◆ ASSIGNMENT ◆
Copy the listing as it is written, and leave each picture out.

◆ GIVEN INFORMATION ◆
[Start of Attachment]

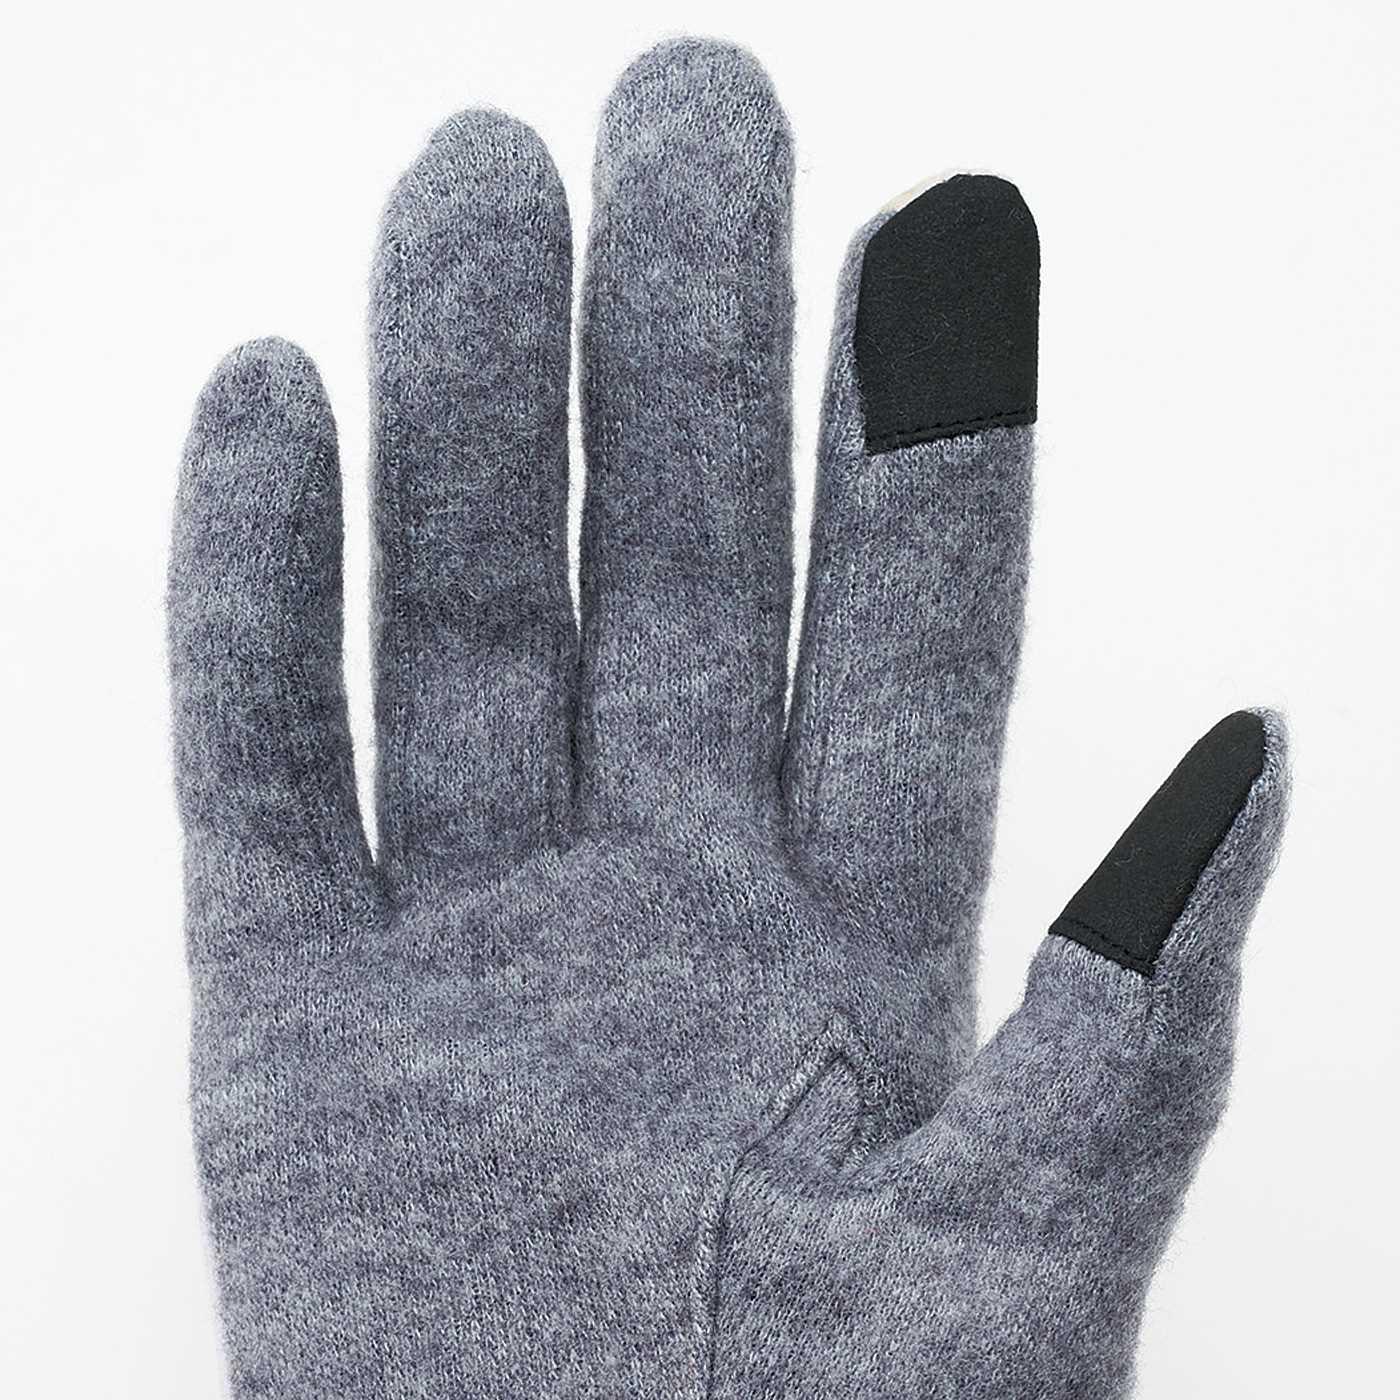 両手の親指と人差し指の先に導電布を使用しているから、手袋のまま画面操作が可能。
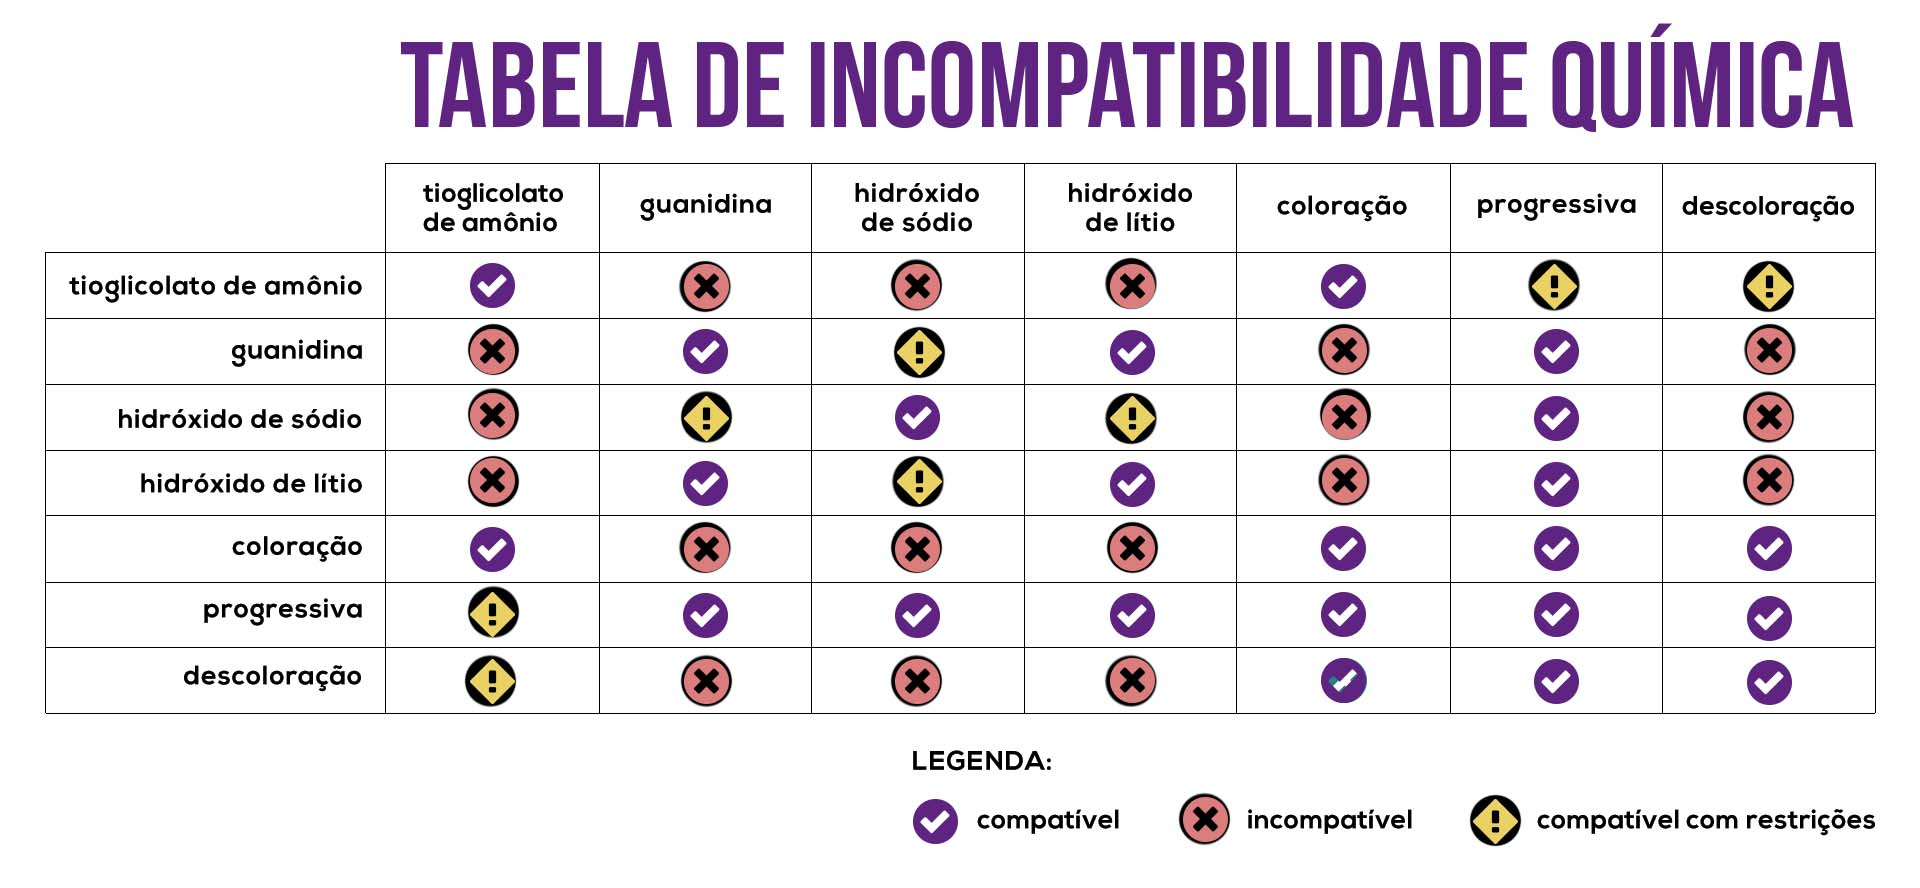 tabela de incompatibilidade entre químicas de alisamento e descoloração
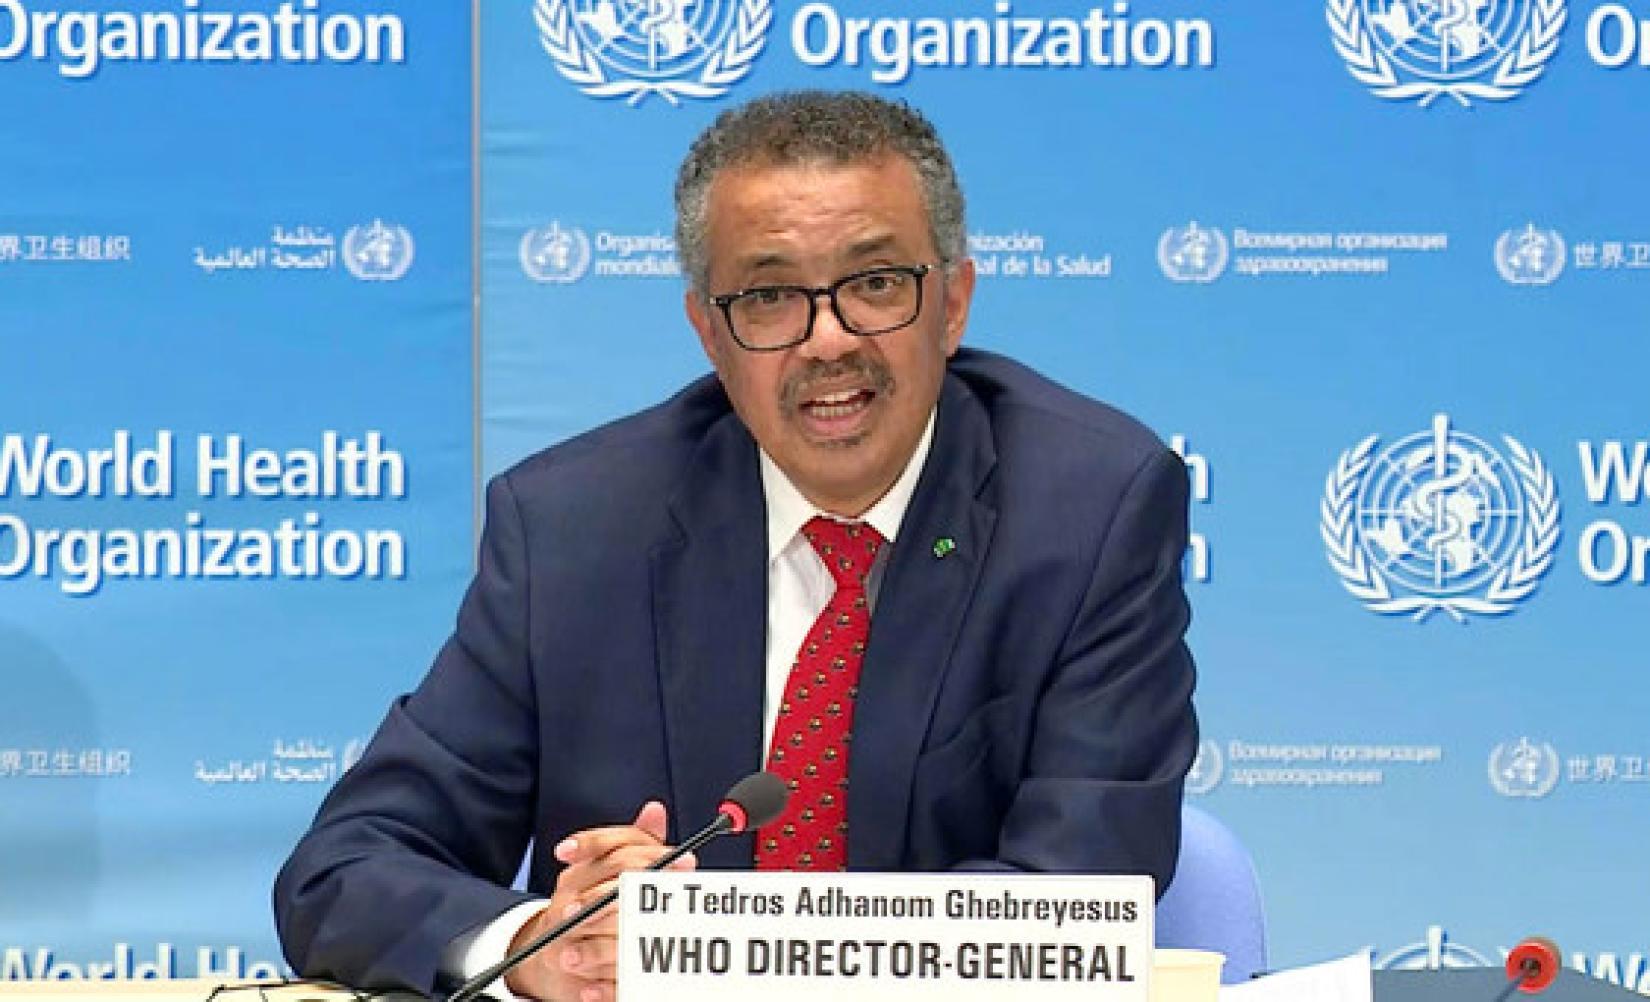 Diretor geral da OMS, Tedros Ghebreyesus, destacou o aumento de casos e a lotação de hospitais em diversas parte do mundo.

[End of Attachment]

◆ COMPLETED EXERCISE ◆
 両手の親指と人差し指の先に導電布を使用しているから、手袋のまま画面操作が可能。
 tabela de incompatibilidade entre químicas de alisamento e descoloração
 Diretor geral da OMS, Tedros Ghebreyesus, destacou o aumento de casos e a lotação de hospitais em diversas parte do mundo.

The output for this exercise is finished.